*TASK DIRECTIONS*
Ignoring pictures, transcribe exactly the lines between the one containing "fields-default-visibility" and the end of the material, both included.

*SUPPLIED DATA*
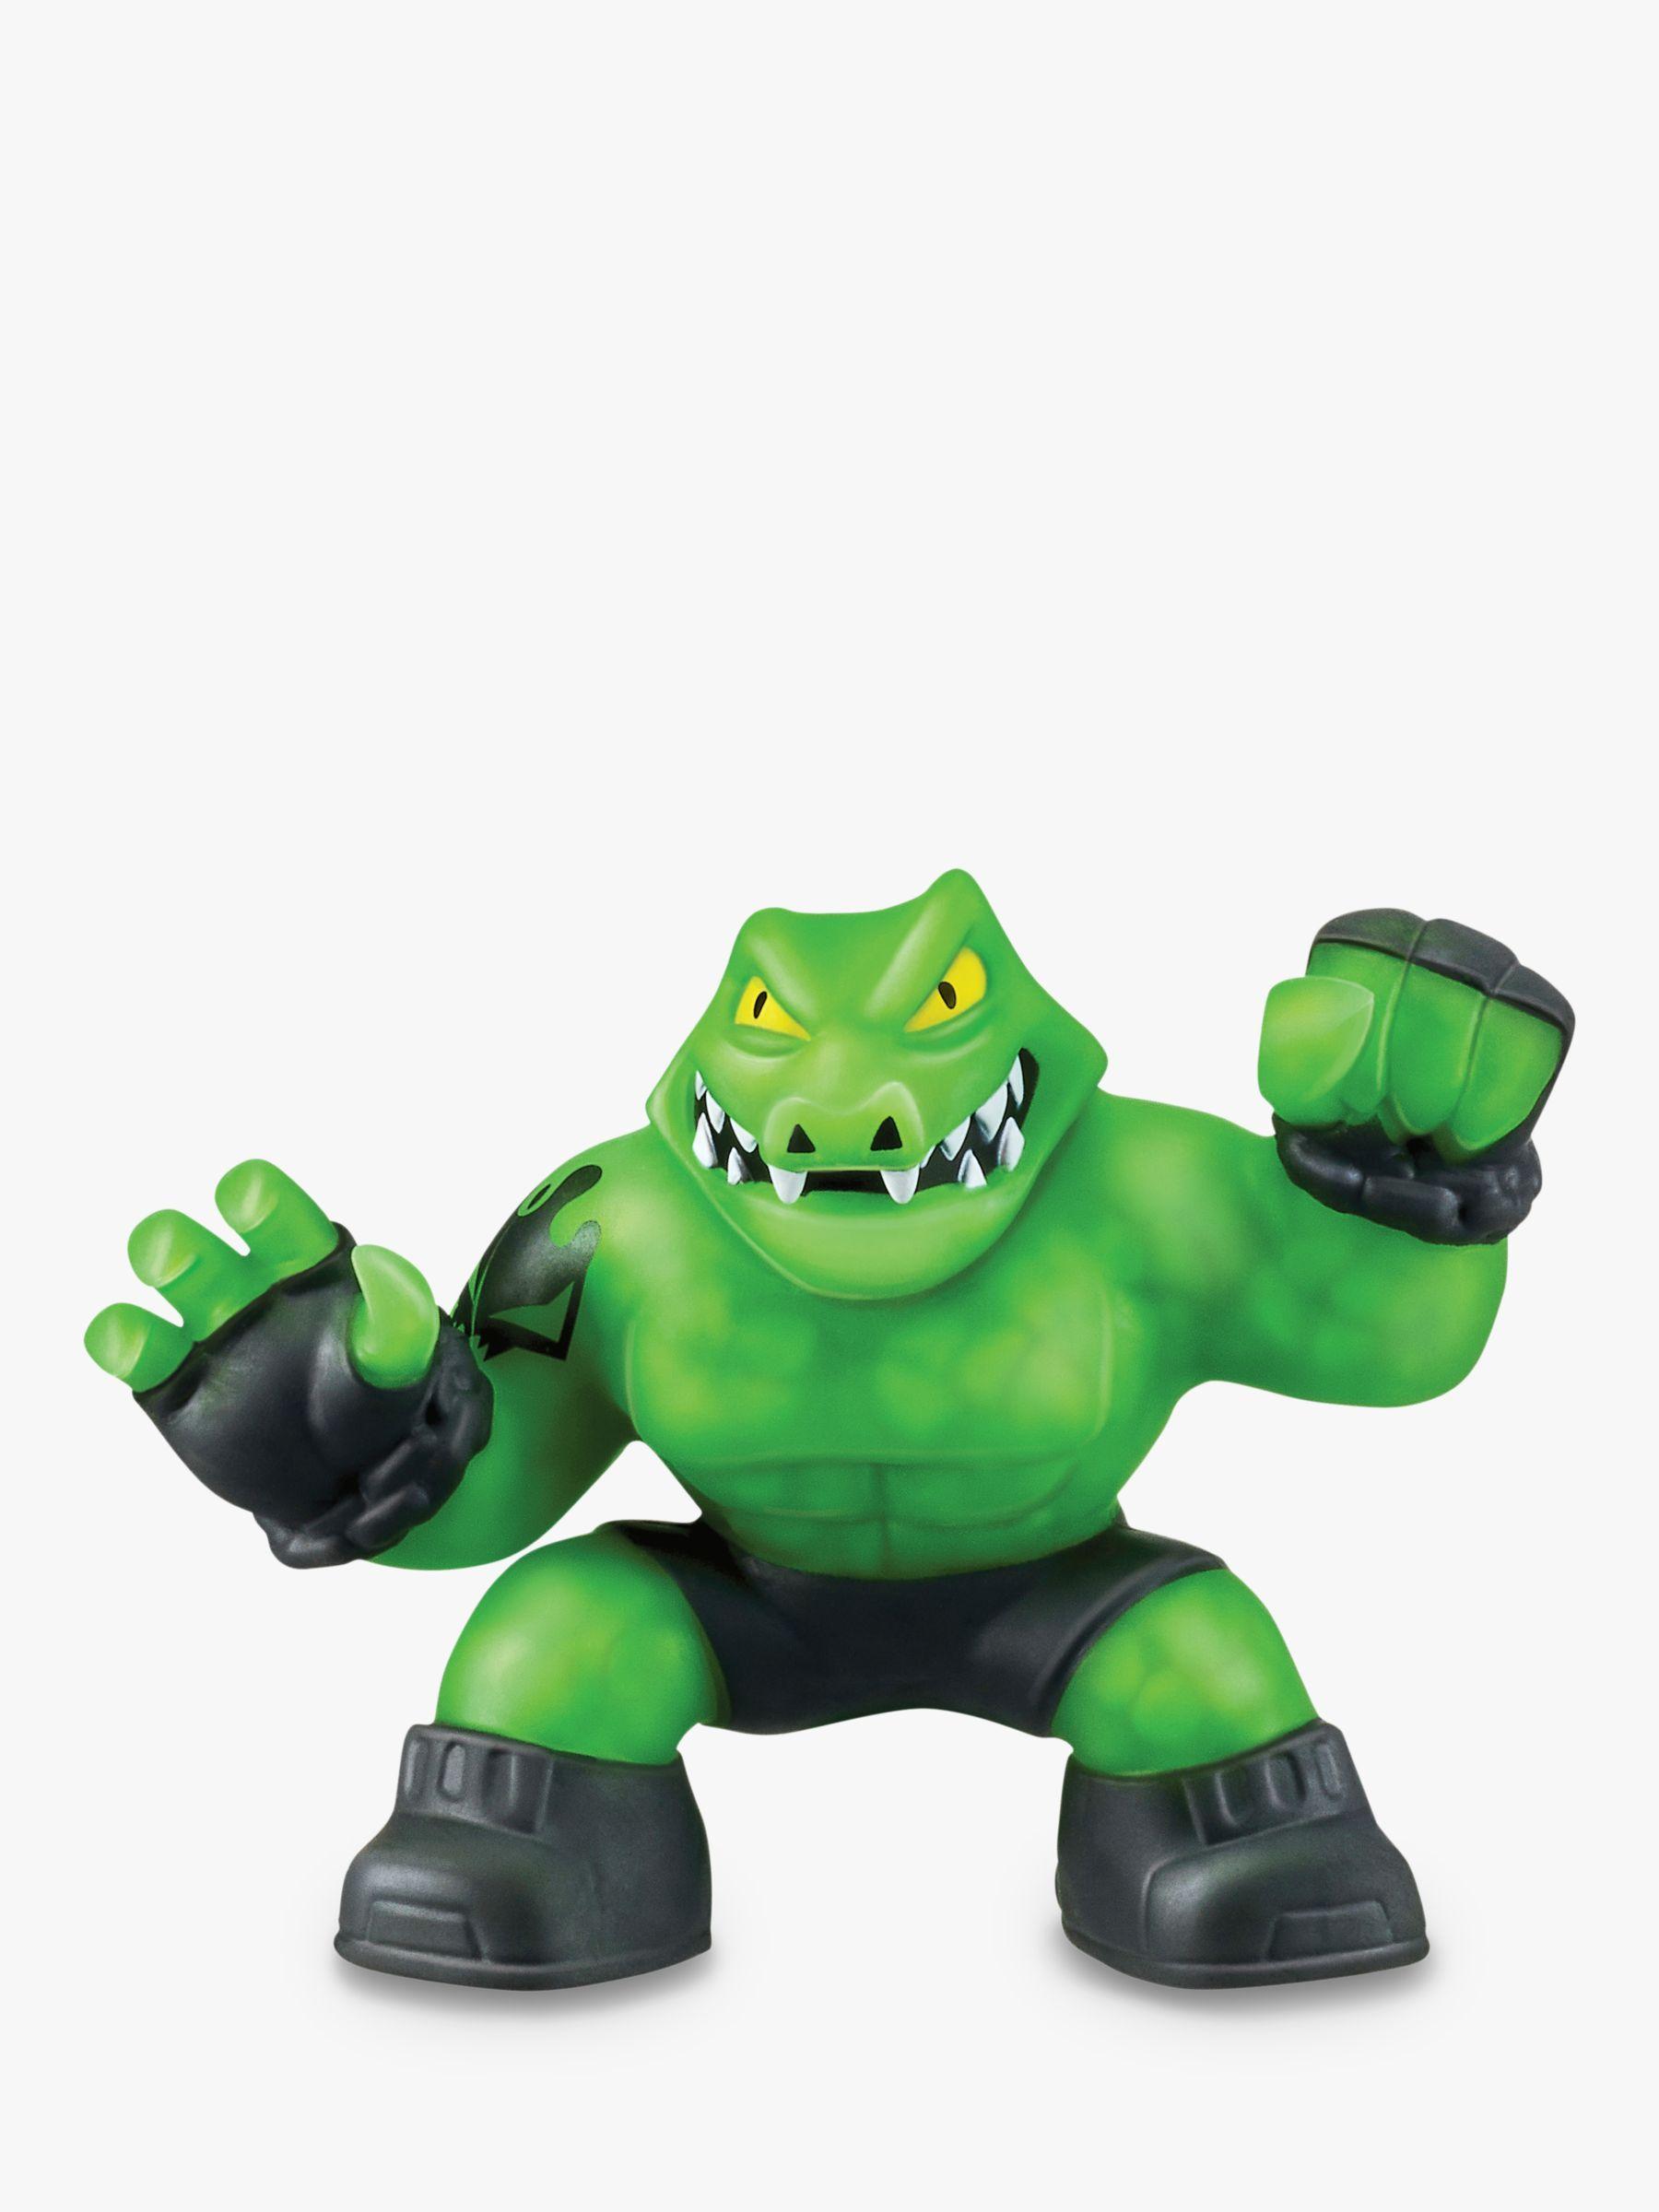 Heroes Of Goo Jit Zu Thrash And Rock Jaw Versus Squishy Action Figures Action Figures Cool Lego Creations Bakugan Battle Brawlers
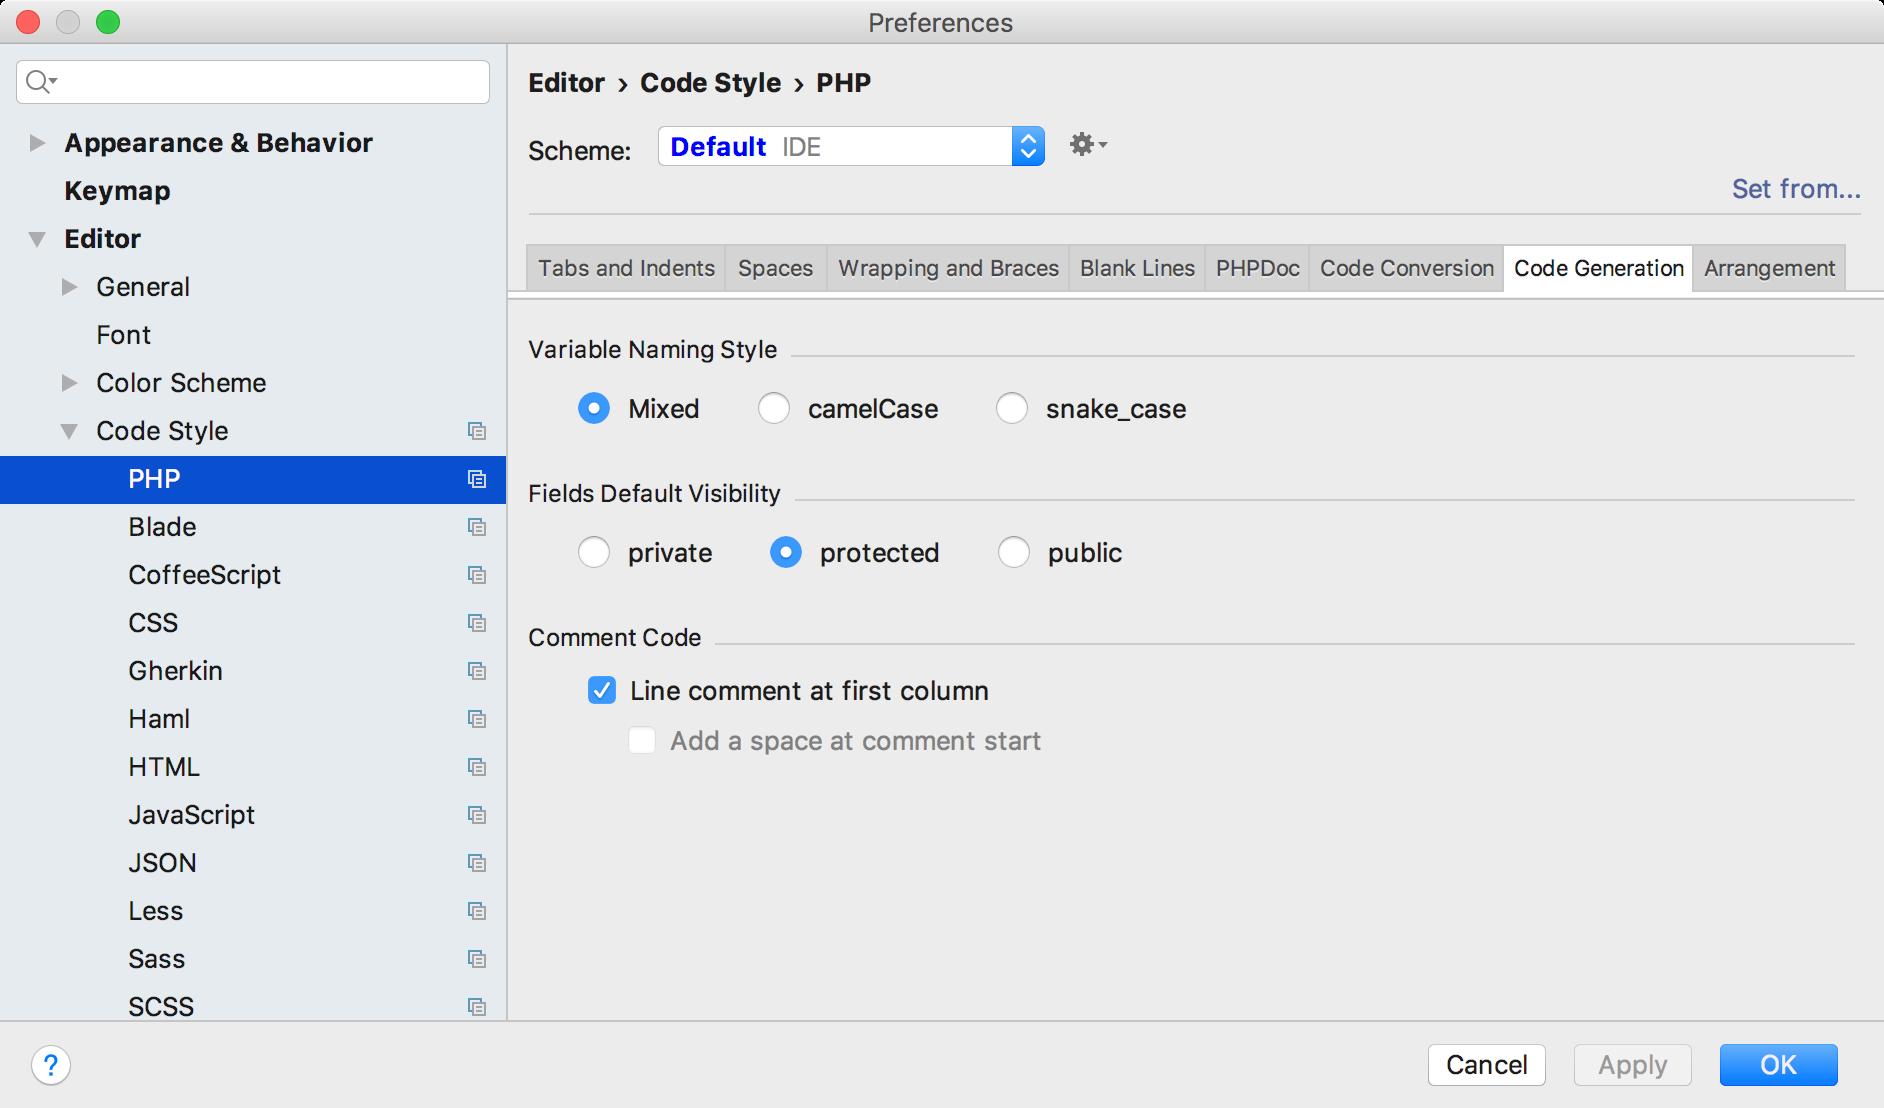 fields-default-visibility
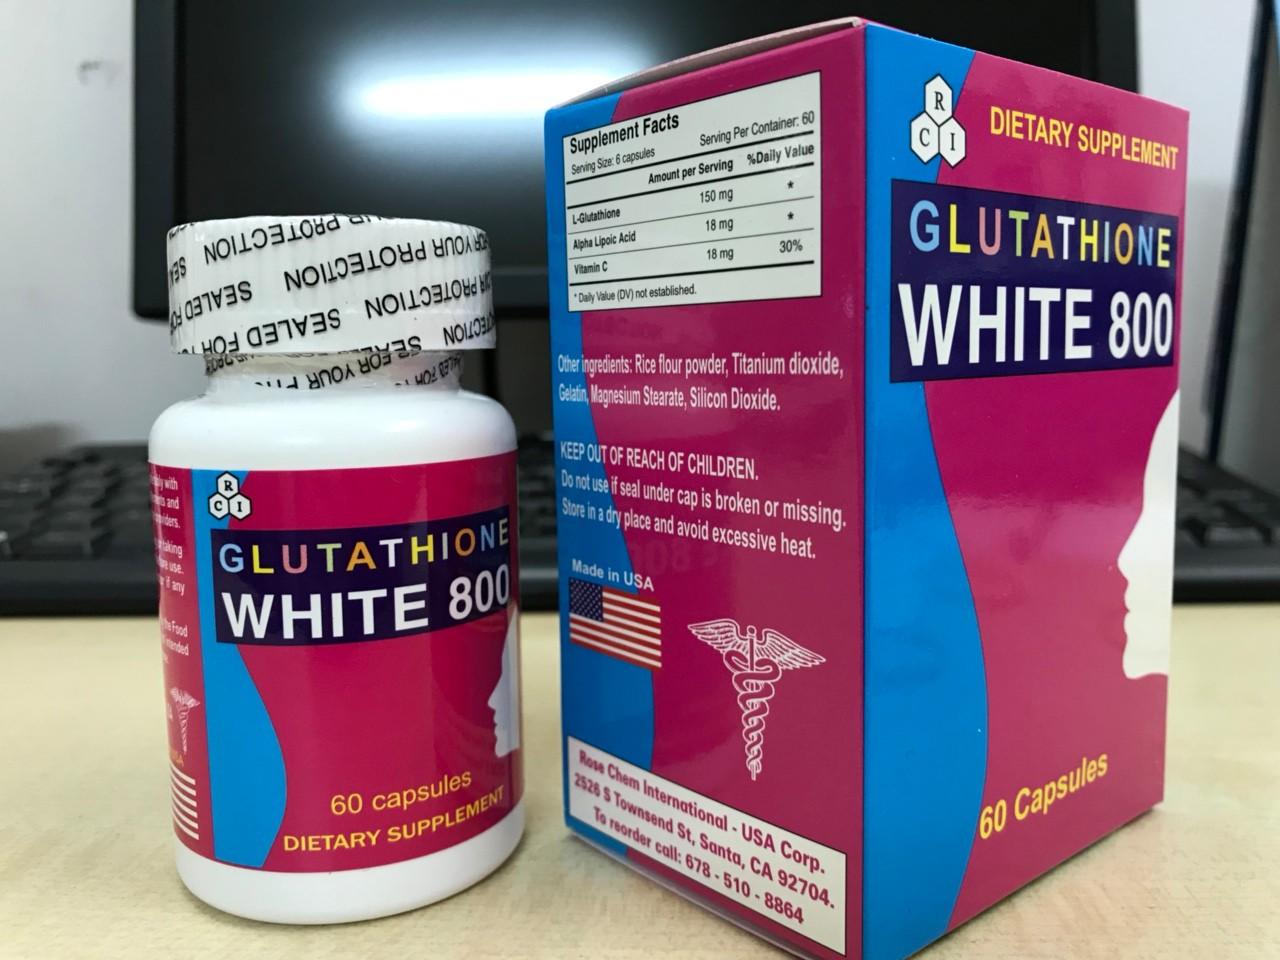 Viên uống Glutathione White 800

*ANSWER SPACE*
 fields-default-visibility
 Viên uống Glutathione White 800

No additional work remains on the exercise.